Он воткнул мотыгу в землю и облокотился на нее. Сколько я его помнил, он все время что-то полол и выкорчевывал в огороде и саду, и представить его себе за каким-нибудь другим занятием было просто невозможно. Он повернул ко мне свое морщинистое лицо, обрамленное седыми космами волос, сливающимися с такими же седыми бакенбардами.
– Бобы, – кратко сказал он. – Теперь эти чертовы бобы у меня неправильные. Сперва картошка, потом помидоры, теперь вот эти чертовы бобы. В жизни еще не видел такого лета! Ну картошка, помидоры – это еще куда ни шло. Но где, черт возьми, видано, чтобы и бобы стали неправильными?!
– А вы уверены, что они неправильные? – спросил я его.
– Уверен? – возмущенно фыркнул он. – Что ж я, по-твоему, в мои-то годы не знаю, какими должны быть настоящие бобы? – он злобно покосился на свой огород.
– Да, лето действительно неважное, – поспешил согласиться я.

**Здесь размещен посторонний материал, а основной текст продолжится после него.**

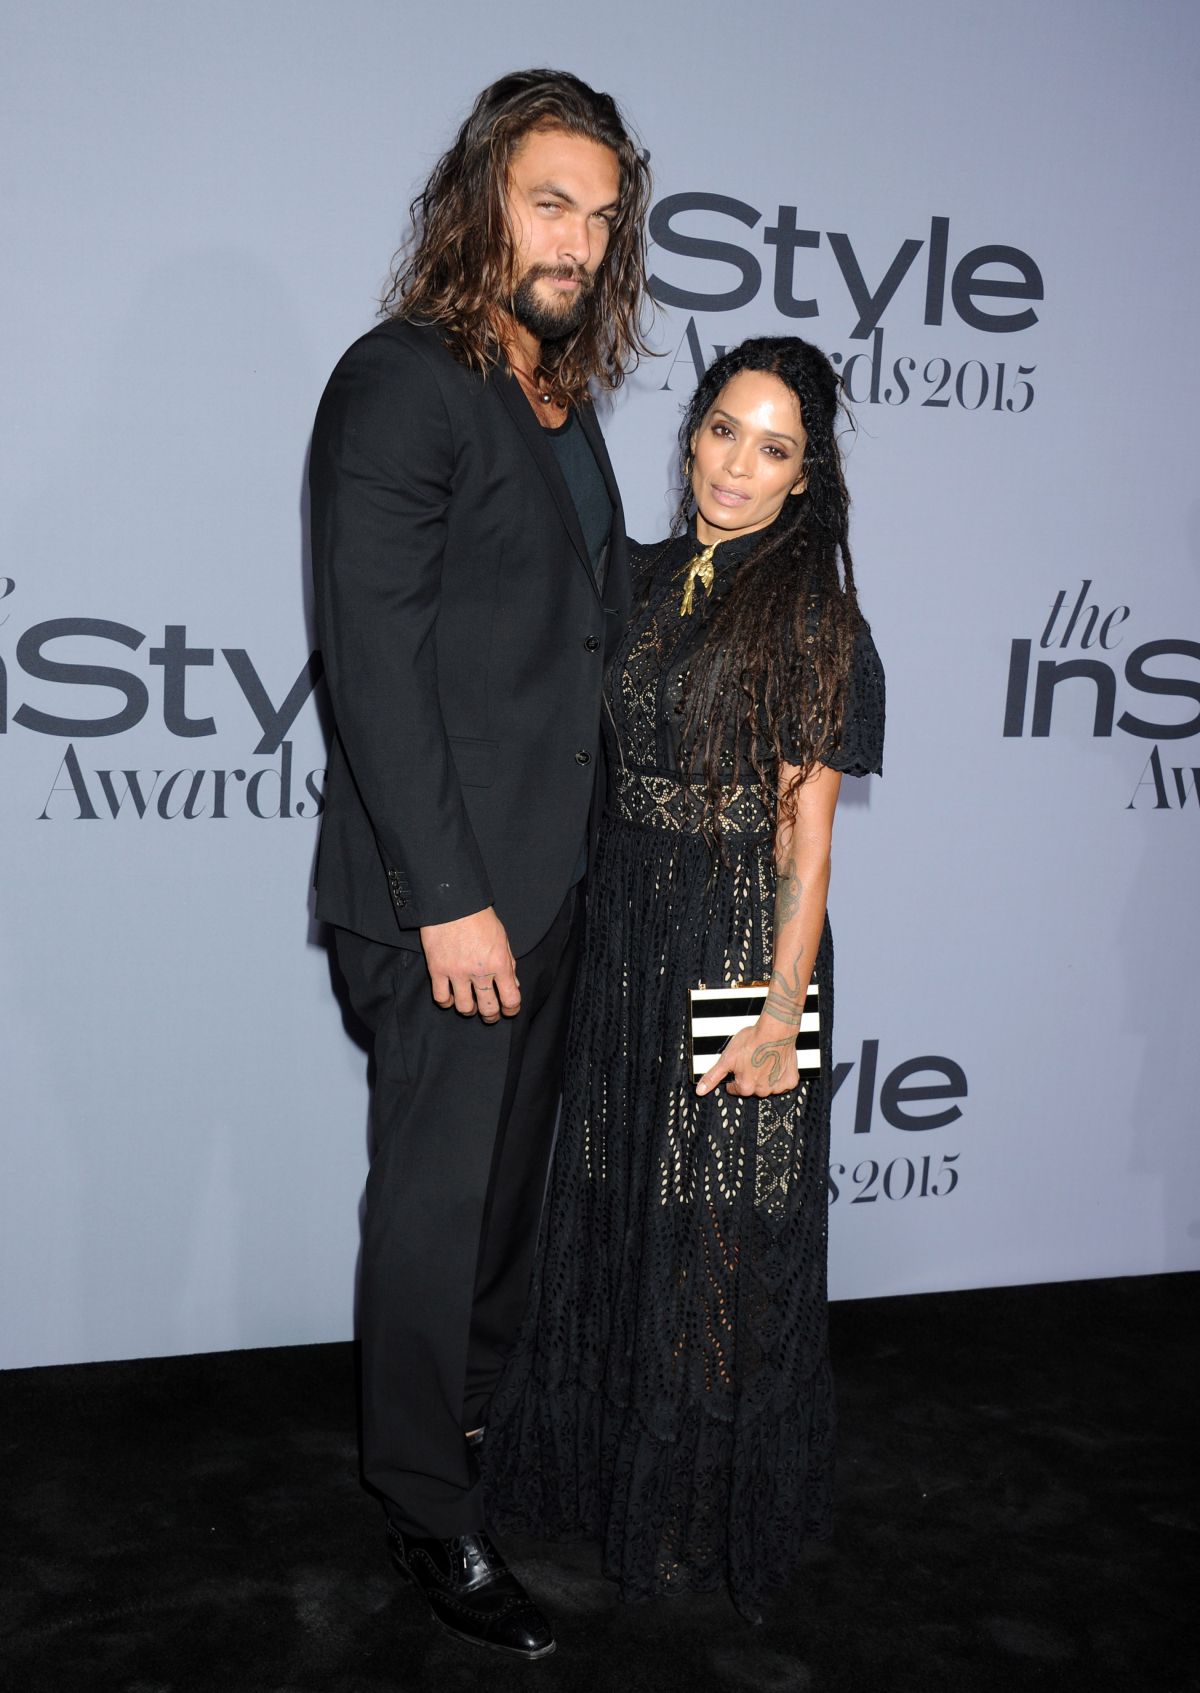 Actors Jason Momoa and Lisa Bonet attend the InStyle

– Неважное! – передразнил он меня. – Да это же черт знает что такое! Недели работы – кошке под хвост! Свиньи, овцы, коровы жрут за милую душу все, что для них заготовили, и все затем, чтобы породить на свет проклятую Богом нечисть. Люди слоняются без дела, того и гляди что-нибудь стащат, и приходится следить за своими же работниками вместо того, чтобы заниматься делом. Даже мой сад – мой – и тот полон отклонений. Что и говорить, худое лето. Но то ли еще будет, помяни мое слово! – выкрикнул он с мрачным злорадством. – То ли еще будет!
– Почему? – спросил я.
– Это неспроста! – твердо выговорил он. – Это Кара, и они это заслужили! Ты только глянь – кругом одна распущенность! Взять хоть молодого Теда Норбета: отделался небольшим штрафом за то, что скрыл приплод у овцы – десять ублюдков. Да еще успел сожрать их всех, кроме двух, прежде чем на него донесли. Если бы только его отец увидел такое! Да он бы из гроба встал! Знаешь, что бы он получил за то же самое? Ну, он-то, конечно, никогда такого бы себе не позволил, даже в мыслях – это я тебе так, к примеру… Не знаешь?! Так я тебе скажу: его публично бы прокляли в неделю покаяний и отобрали бы десятую часть всего имущества! Вот так-то… Поэтому в мое время таких вещей не случалось. А теперь… – он махнул рукой. – Что им какой-то штраф! И вот так повсюду – распущенность, попустительство, никаких устоев… Но с Богом шутки плохи! Нам грозит новая Кара, помяни мое слово, и это лето – только лишь начало! Ты знаешь, я рад, что уже стар, и даст Бог, умру своей смертью. Но Кара грядет – она уже не за горами, помяни мое слово!… А все горе в том, – продолжал он, переведя дух, – что все правительственные регламенты пишутся слабодушными балаболками там, на востоке. Все эти политиканы с востока никогда не жили в таких местах, как наши. Что ж они там могут знать? Они и мутанта-то в глаза не видали, вот и сидят и пишут черт те что! Не-ет, такой сезон, как нынешний, – он неспроста! Это предупреждение всем нам, помяни мое слово! – он опять махнул со злобой рукой и, отдышавшись, вновь разразился тирадой.
– Как, по-твоему, добились мы того, что юго-запад стал богоугодным местом? Как мы справились с мутантами здесь? Как сохранили веру? Не знаешь? Ну так я тебе скажу: уж, во всяком случае, не какими-то штрафами… Не-ет! Это делалось по-другому! Твердой рукой искоренялся грех, и если уж кого наказывали, то его наказывали, да так, чтоб другим неповадно было. Когда мой отец был юнцом, женщину, произведшую на свет мутанта, били кнутом. Если же она трижды была повинна в этом, у нее отбирали Метрику, объявляли вне закона и продавали в рабство. Только так можно добиться Твердости Веры и Чистоты Расы. Отец мне говорил: в его время было гораздо меньше всякой нечисти, а все потому, что если попадалась такая дрянь, то ее сжигали, как сейчас сжигают отклонения!
– Сжигали?! – ошеломленно воскликнул я.
– А разве не так очищаем мы землю от разной нечисти? – сощурившись, спросил он меня.
– Ну да, – пробормотал я. – Но ведь это землю… То есть, я хочу сказать… Разные там растения или животные, а… тут ведь другое…
– Это «другое» еще хуже! – выкрикнул он. – Это же сам дьявол смеется над образом и подобием Господа! Их надо сжигать, как это делалось раньше! Но ка-ак же? – он издевательски растянул рот до ушей. – Ведь эти слюнтяи в Риго, которые… Словом, они ведь говорят, что, мол, хоть и не люди, но выглядят почти как люди, и поэтому их уничтожение будет вроде убийства.